When you return the data, keep every line exactly as it is and leave out the pictures.

● EXERCISE DATA
▼

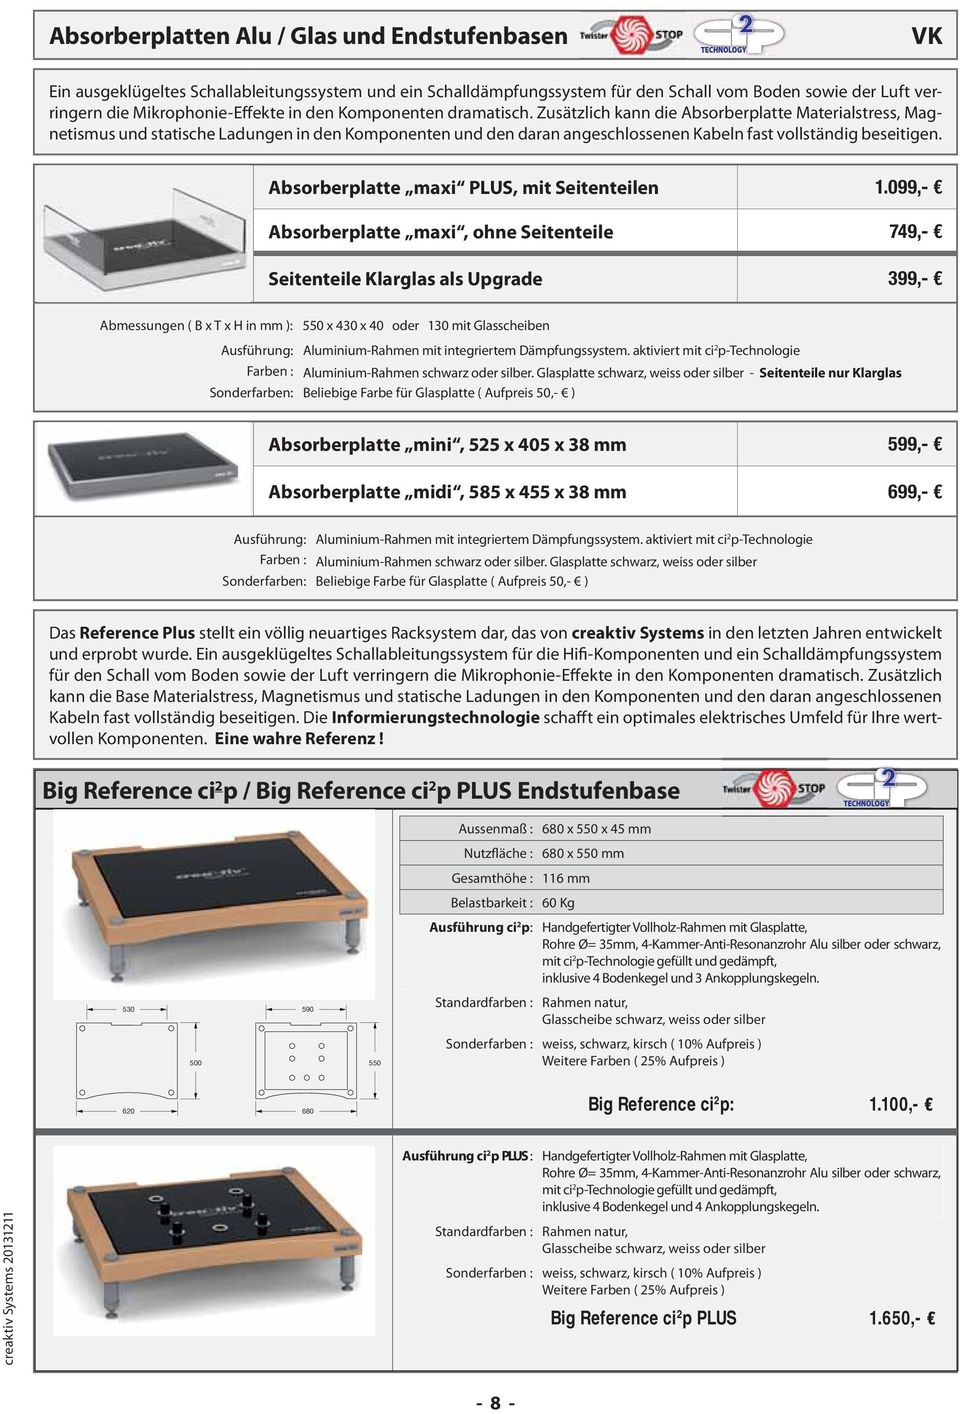 Absorberplatte maxi PLUS, mit Seitenteilen 1.
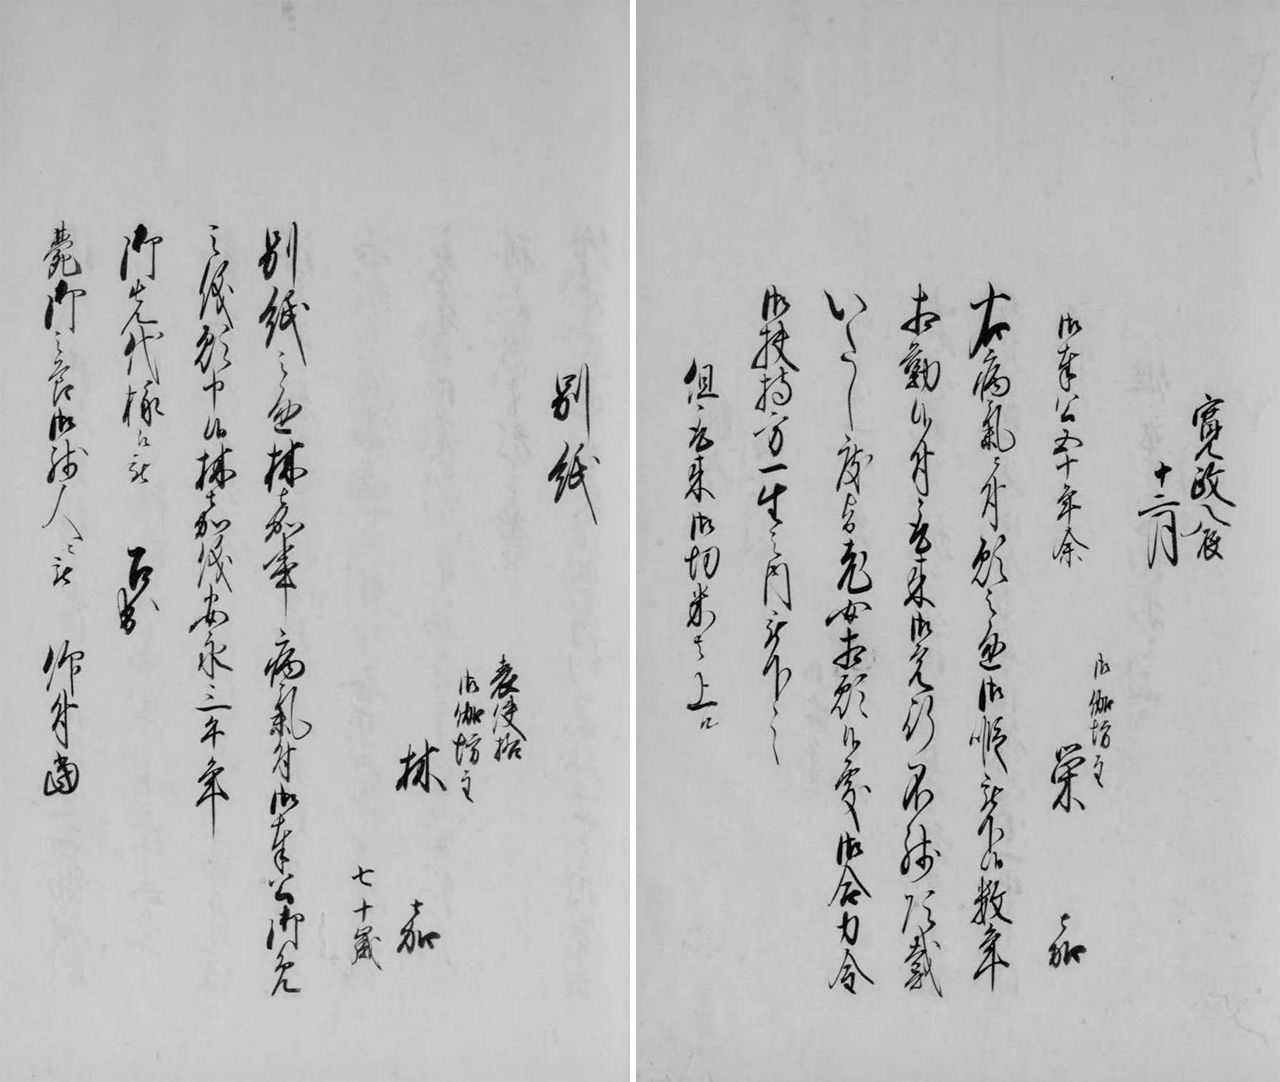 Les noms et les âges des otogi-bôzu figurent sur une liste de domestiques datant de 1805-1810. La page de gauche traîte d'un serviteur âgé de 70 ans et celle de droite d'un autre, qui « a servi pendant 50 annés », ce qui montre que tous deux avaient un âge avancé. (Avec l'aimable autorisation des Archives nationales du Japon)
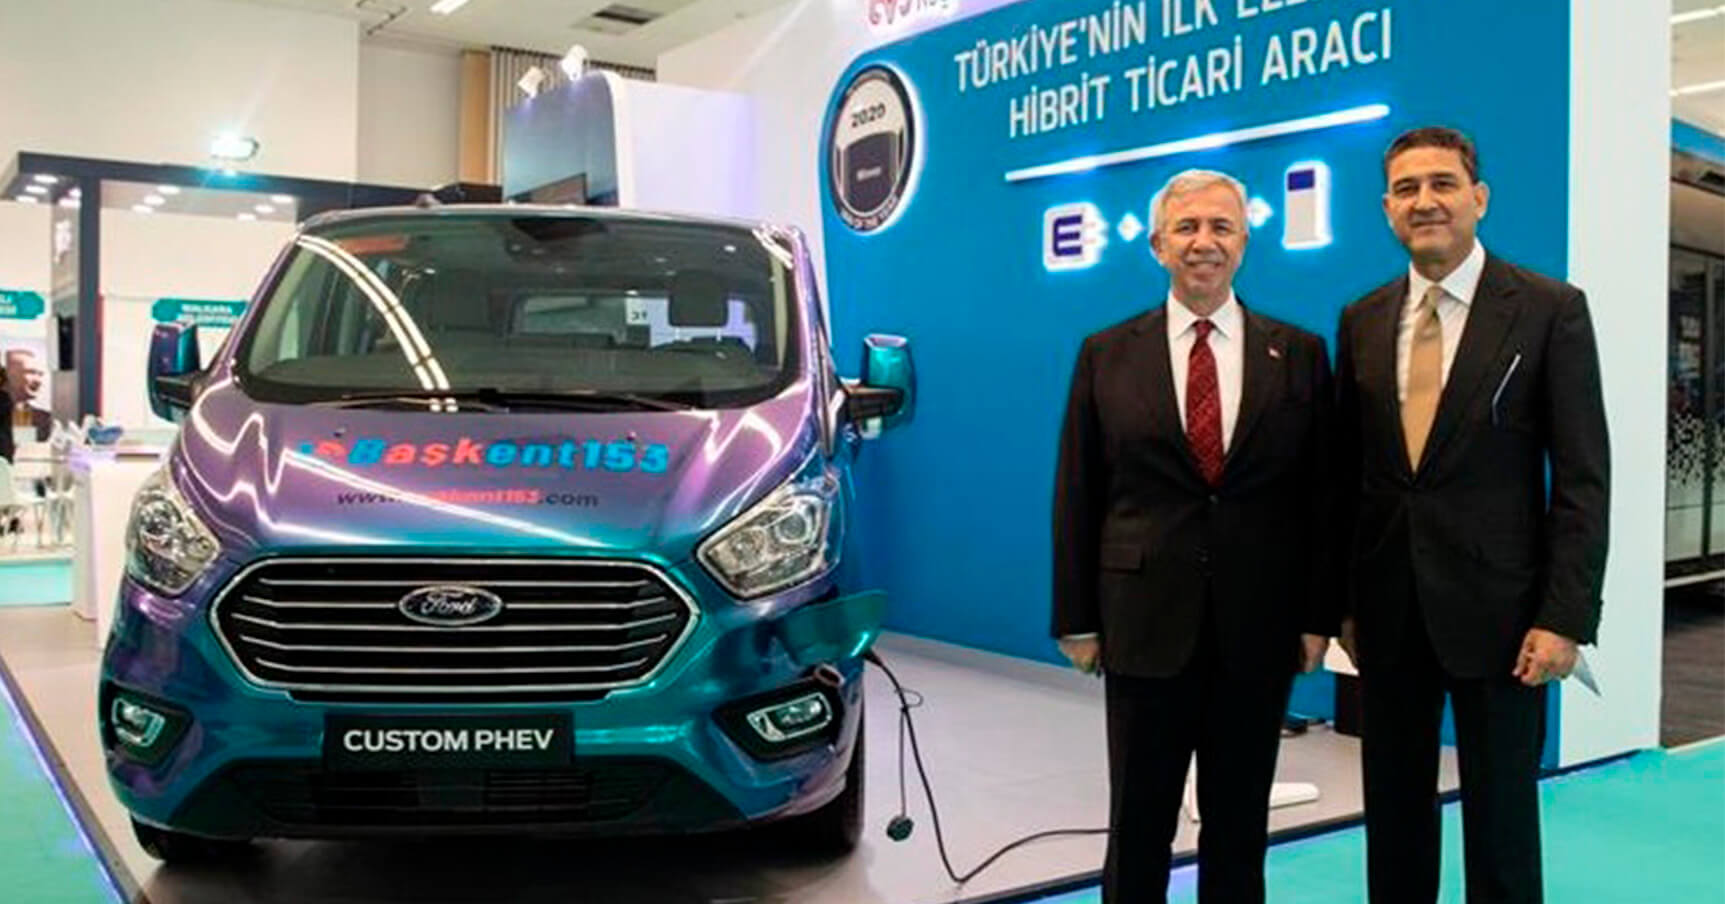 Ford Custom PHEV Türkiye’nin İlk Hibrit Ticari Aracı

▲

● YOUR RESPONSE
 Absorberplatte maxi PLUS, mit Seitenteilen 1.
 Les noms et les âges des otogi-bôzu figurent sur une liste de domestiques datant de 1805-1810. La page de gauche traîte d'un serviteur âgé de 70 ans et celle de droite d'un autre, qui « a servi pendant 50 annés », ce qui montre que tous deux avaient un âge avancé. (Avec l'aimable autorisation des Archives nationales du Japon)
 Ford Custom PHEV Türkiye’nin İlk Hibrit Ticari Aracı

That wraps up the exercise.